Josef T. forms a communist resistance group in the tobacco factory. On the orders of the regional governor he, along with others, is shot in the Mauthausen concentration camp shortly before it is liberated.

Josef Teufl was born in 1904 in Vienna and trained as a metal worker in the Krauss locomotive factory in Linz. In 1920 he joined the Austrian CP and after it was made illegal in 1933, became chairman for the province of Upper Austria.
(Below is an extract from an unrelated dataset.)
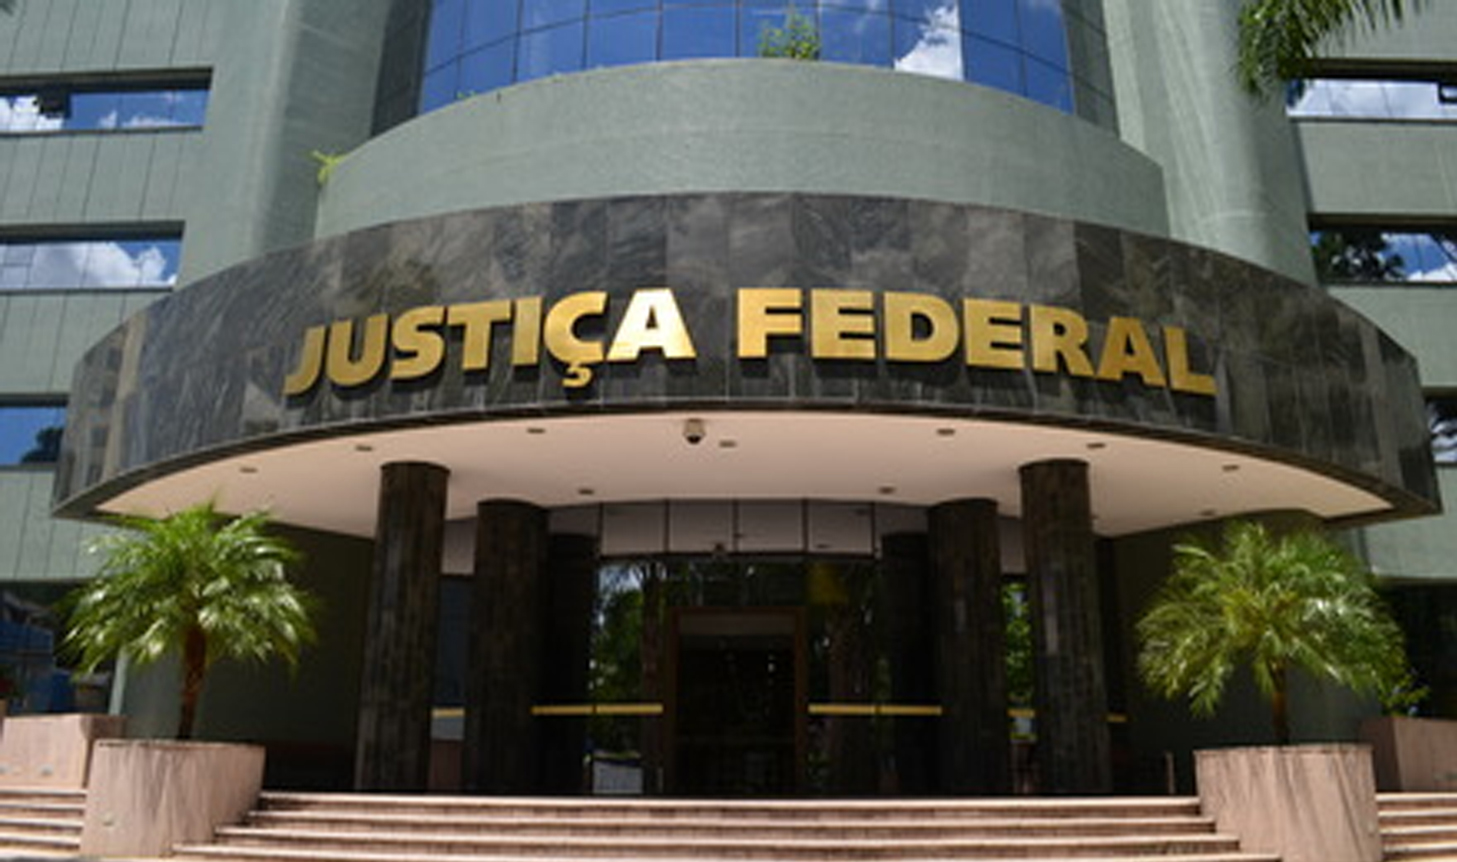 Justiça Federal em Curitiba retoma trabalhos da Operação Lava Jato |  Agência Brasil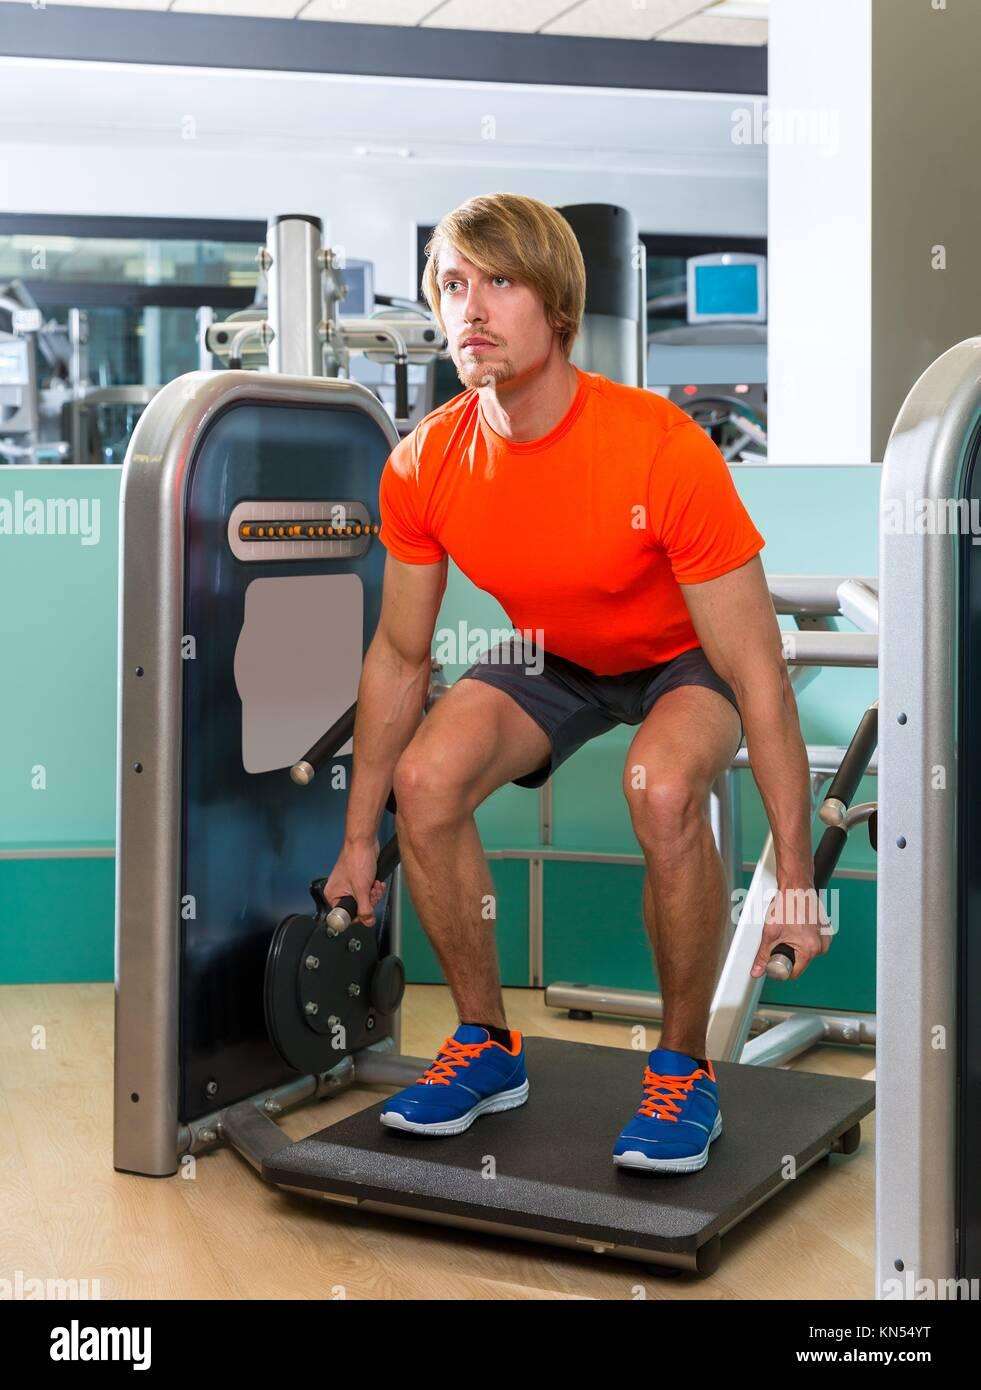 Gimnasio máquina sentadilla ejercicio workout rubio en interiores. Imagen De Stock

After the civil war battles of February 1934 in which Teufl participated, he was arrested and shared a cell with the Nazi August Eigruber.

After the “Anschluss” of Austria with the German Reich, Teufl built up a network of communist resistance cells starting from the tobacco factory in Linz. He remained in the background because he knew that the Gestapo was aware of his political views. Eigruber, who was now head of the Oberdonau region, tried to convince Teufl in 1943 to become an NSDAP party functionary which, however, he refused to do.

On the 9th of September 1944 Josef Teufl was arrested and taken to Mauthausen concentration camp. In a letter which was smuggled out of the camp at the end of March Teufl expressed the hope that the Nazi reign would be over by the 1st of May. At the end of April Eigruber issued orders for the liquidation of leading anti-fascists. Teufl was one of them and was executed on the 28th or 29th of April. After the liberation a street in the Bindermichl district was named after Josef Teufl.